> Data section:
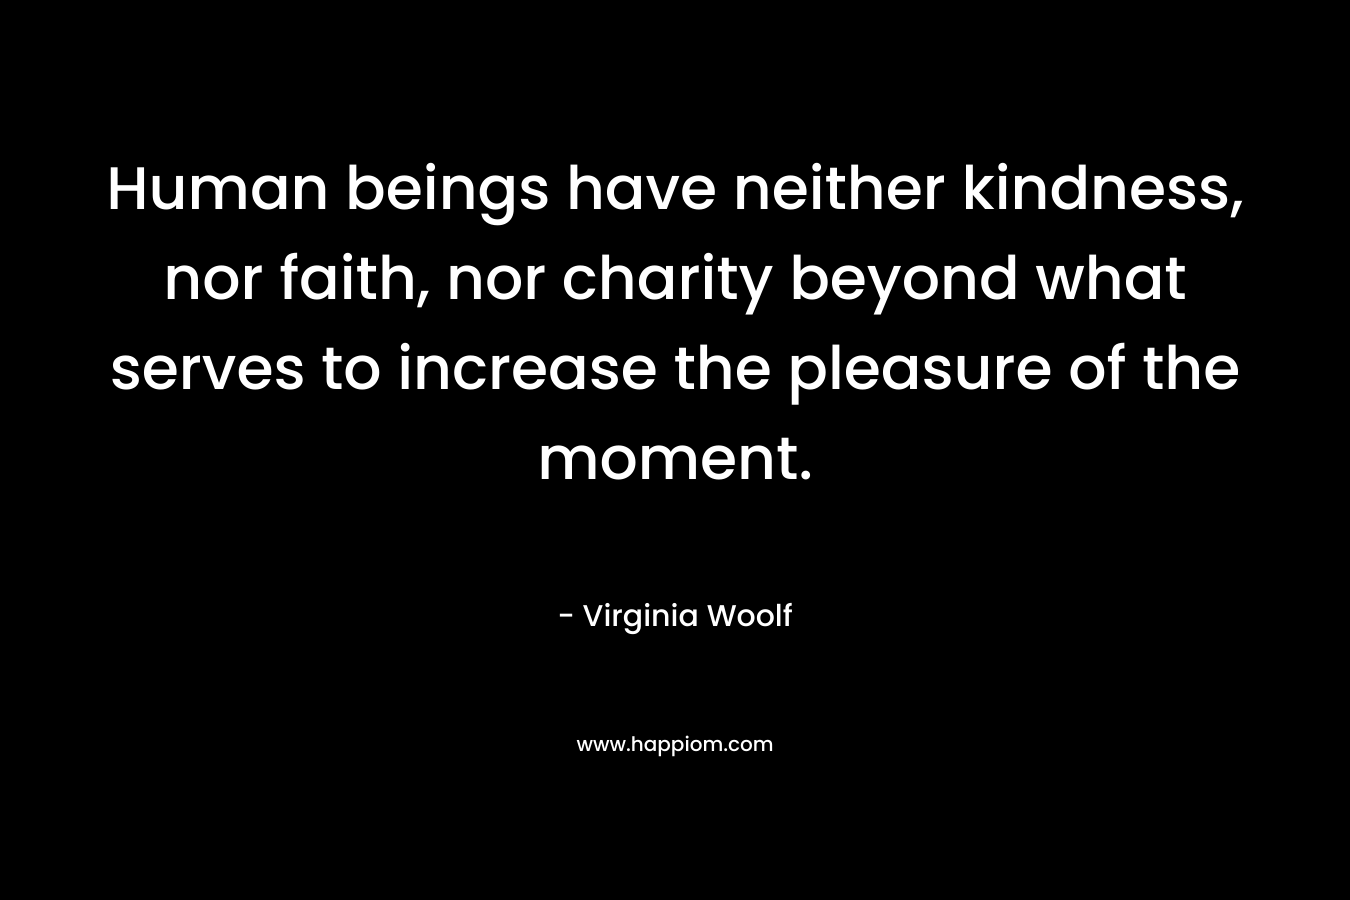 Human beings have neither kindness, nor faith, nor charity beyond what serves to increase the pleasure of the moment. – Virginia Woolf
--
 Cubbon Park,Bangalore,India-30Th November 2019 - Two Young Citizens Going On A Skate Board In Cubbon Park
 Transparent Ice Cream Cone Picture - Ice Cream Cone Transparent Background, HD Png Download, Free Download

> What the exercise asks:
Set down only the lines above that fall between the line holding "Cubbon Park,Bangalore,India-30Th November" and the line holding "Transparent Ice Cream", inclusive, keeping each exact.

> Written solution:
 Cubbon Park,Bangalore,India-30Th November 2019 - Two Young Citizens Going On A Skate Board In Cubbon Park
 Transparent Ice Cream Cone Picture - Ice Cream Cone Transparent Background, HD Png Download, Free Download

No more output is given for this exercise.